Designer & Developer

Timeline

August 2025 - November 2025

Client

Dr. J. Peter Moore

Status

Live & Deployed

UI Design Content Strategy HTML/CSS/JS Front-End Development Deployment

Project Overview

Dr. J. Peter Moore needed a personal portfolio website to showcase his work as an educator, letterpress artist, and small-press publisher. The challenge was translating deeply tactile, print-based work, letterpress projects, publications, and seminar courses—into a digital experience that felt refined, personal, and true to his typographic sensibility.

This project evolved through multiple rejected layouts and ultimately shifted from traditional design tools into a coding-first design approach to better capture nuance, typography, and process.

8
Pages
100%
Custom Code
2
Rejected Layouts
1
Process Pivot

The Challenge

Designing for a client with decades of experience in typography and print meant every decision would be scrutinized through an expert lens. The site needed to feel like an extension of his craft and not a generic portfolio template.

Early Design Exploration

Quick Inspiration Board (3 Reference Sites)

I began by studying three portfolio websites referenced by the client. These sites shared minimal layouts, strong typographic presence, and a sense of authorship rather than polish.

cyan
cassie
ulf

Version 1 & 2 - Rejected Layouts

The first two design directions followed clearer structure and conventional portfolio patterns. While functional, both were rejected by the client.
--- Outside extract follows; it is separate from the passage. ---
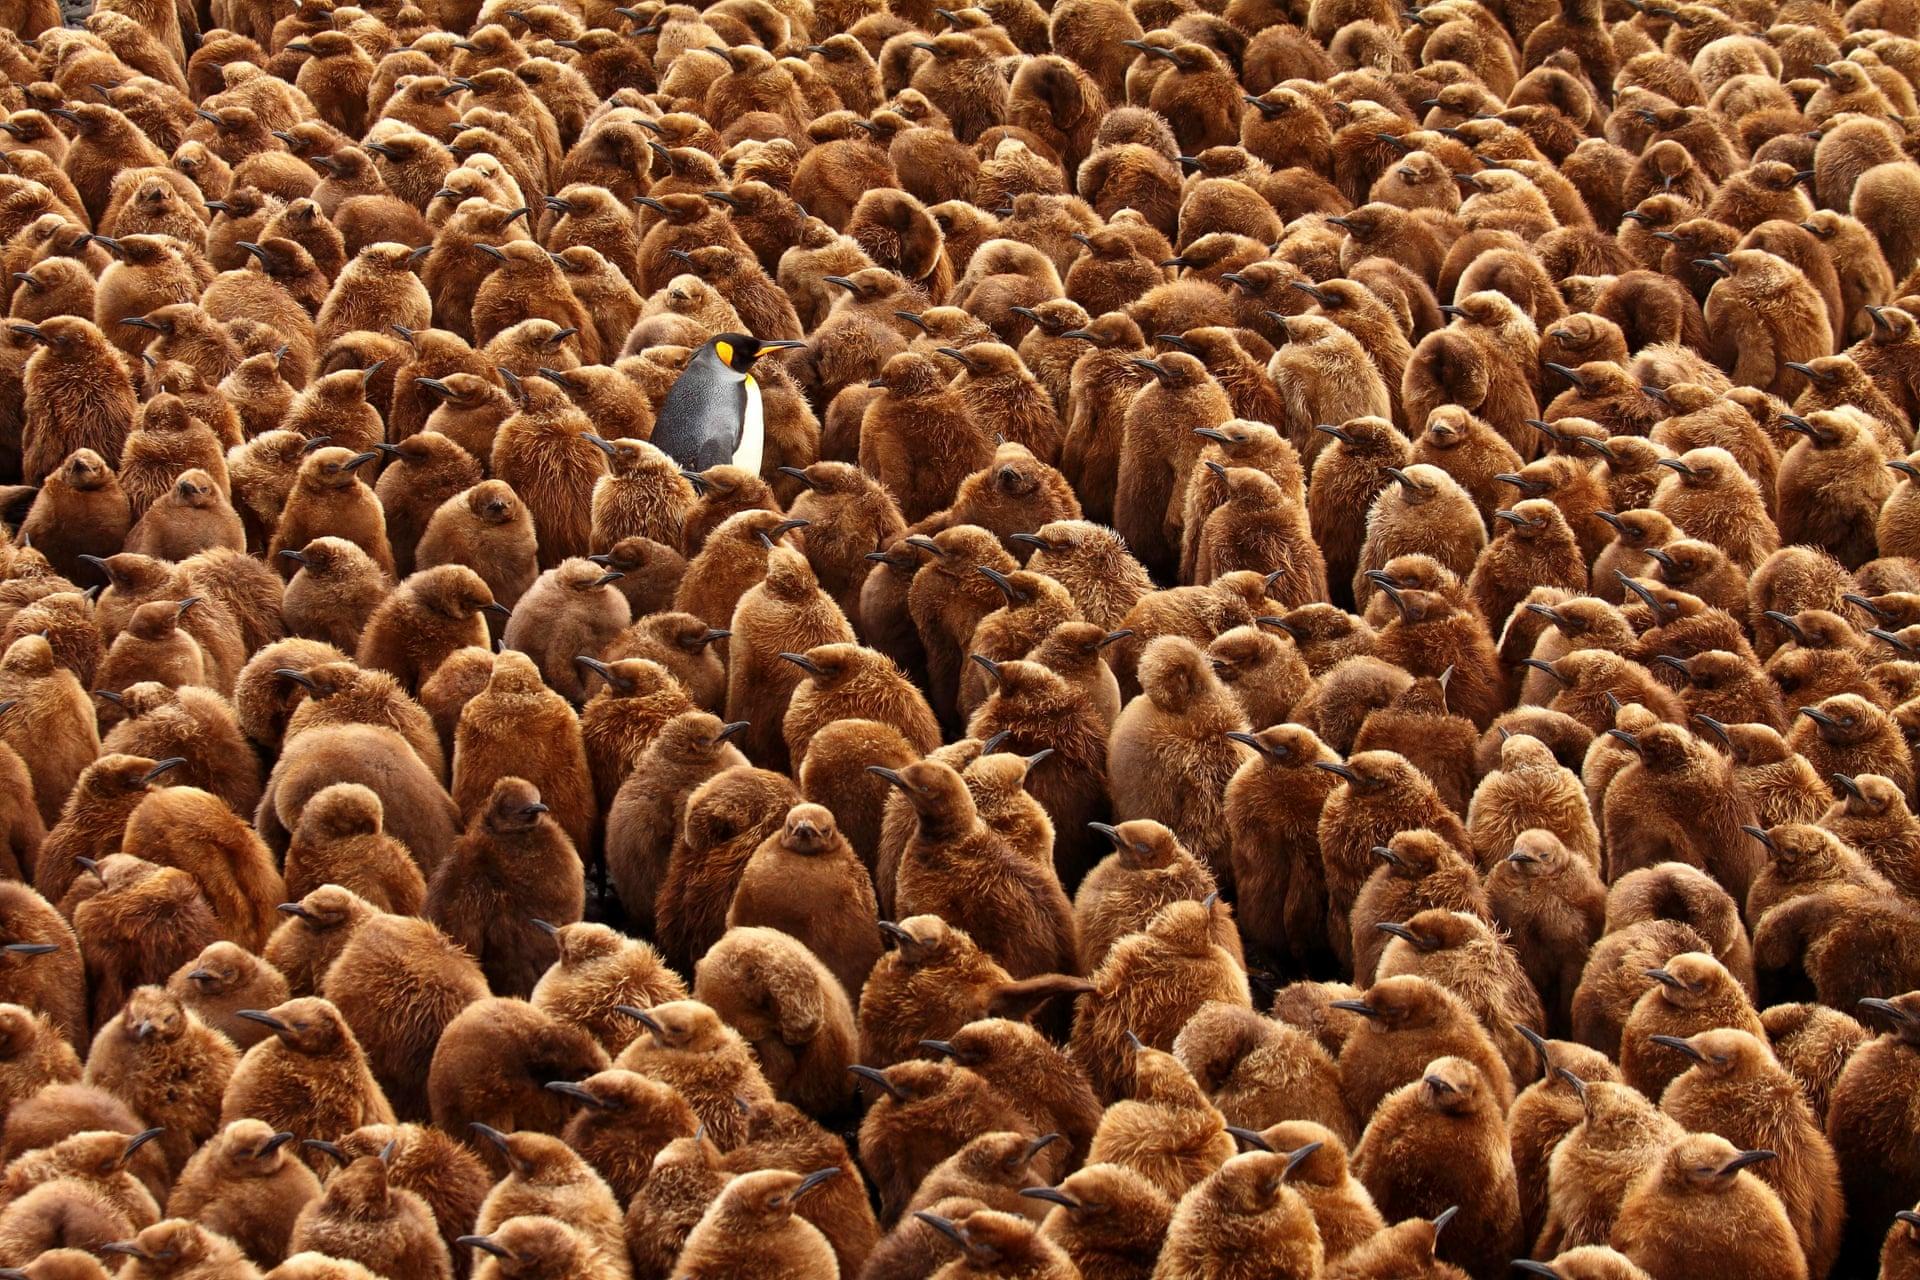 Фото сделано наострове Марион. Наснимке взрослый королевский пингвин запечатлен вокружении птенцов. Виды, которые обитают наостровах Субантакртики, страдают отсмещения океанических фронтов, где они добывают пропитание — это происходит из-за глобального потепления исвязанных сним изменений климата.

Client Feedback: Too structured and institutional. Felt "designed," not personal. Unlike the portfolios of his peers. These rejections revealed a misalignment between usability-first layouts and expressive intent.

version 1
Version 1 - Rejected
version 2
Version 2 - Rejected

Pivot: Rethinking the Approach

Vision Board

To reset direction, I created a vision board focused on mood over layout, drawing from the client's preferred imagery and typographic references.

vision board
Vision Board

Wireframe Reset

Using the vision board, I created a stripped-down wireframe focused on flow, rhythm, and content hierarchy rather than components. This direction was approved immediately and became the foundation for the final build.

approved wireframe
Approved wireframe
UI Elements & Design System

Color Palette

The palette is rooted in a dark, immersive foundation of a near-black background that lets the bold typography and content images command attention. A warm cream serves as the primary text and heading color, evoking the ink-on-paper quality of letterpress work in a digital context.

Background & Surface
#1A1A1A
#2A2A2A
#333333
The dark canvas (#1A1A1A) anchors the entire site. Lighter surface tones are used sparingly for cards, hover states, and active navigation elements in order to create subtle depth without disrupting the immersive feel.
Text & Accent
#E8E4C0
#F5F5F5
#A0A0A0
#666666
The warm cream (#E8E4C0) is the signature heading color which carries the weight of the oversized Impact type. Body text uses a near-white for readability, while greys provide hierarchy for secondary and tertiary content.

Typography

The site's typographic identity is deliberately bold and unapologetic. Considering that Impact is a a condensed, high-contrast display face, it was chosen for its raw visual presence. Set at oversized scales with wide letter-spacing and dimensional text-shadows, it gives each page the commanding feel of a poster or broadside print.

Impact
Display · Condensed Sans-Serif
font-family: 'Impact', 'Arial Black', sans-serif;
TEACHING
DESIGN
WRITING
ABOUT
MOORE
Impact's narrow width and extreme boldness create a visual density that references wood-type poster printing, creating a direct connection to the client's letterpress practice. The 3D text-shadow treatment adds physicality, as if the letters were impression-set into the dark surface.

Navigation Pattern

A persistent left sidebar anchors the site's navigation, which is a deliberate nod to the table of contents in printed books. The active state uses a vertical bar indicator with a subtle background shift, while section headings in the content area repeat the oversized Impact treatment to orient the user within each category.

Layout Properties

The site is built on a set of foundational CSS properties that define its immersive, centered, full-viewport presentation. These decisions reinforce the idea of each page as a self-contained environment like a stage for the content, not a scrollable feed.

background
#1A1A1A
Dark canvas that recedes, letting type and images take focus
min-height
100vh
Full viewport height so that each page fills the screen entirely
display
flex
Flexbox for centered, responsive content alignment
align-items / justify-content
center
Content is vertically and horizontally centered within the viewport
font-family
'Impact', 'Arial Black'
Condensed, high-impact display type as the primary face
overflow-x
hidden
Prevents horizontal scroll from oversized type elements

Design Insight

While refining the approved wireframe, it became clear that Figma could not accurately represent the typographic nuance, spacing, and browser behavior the project required.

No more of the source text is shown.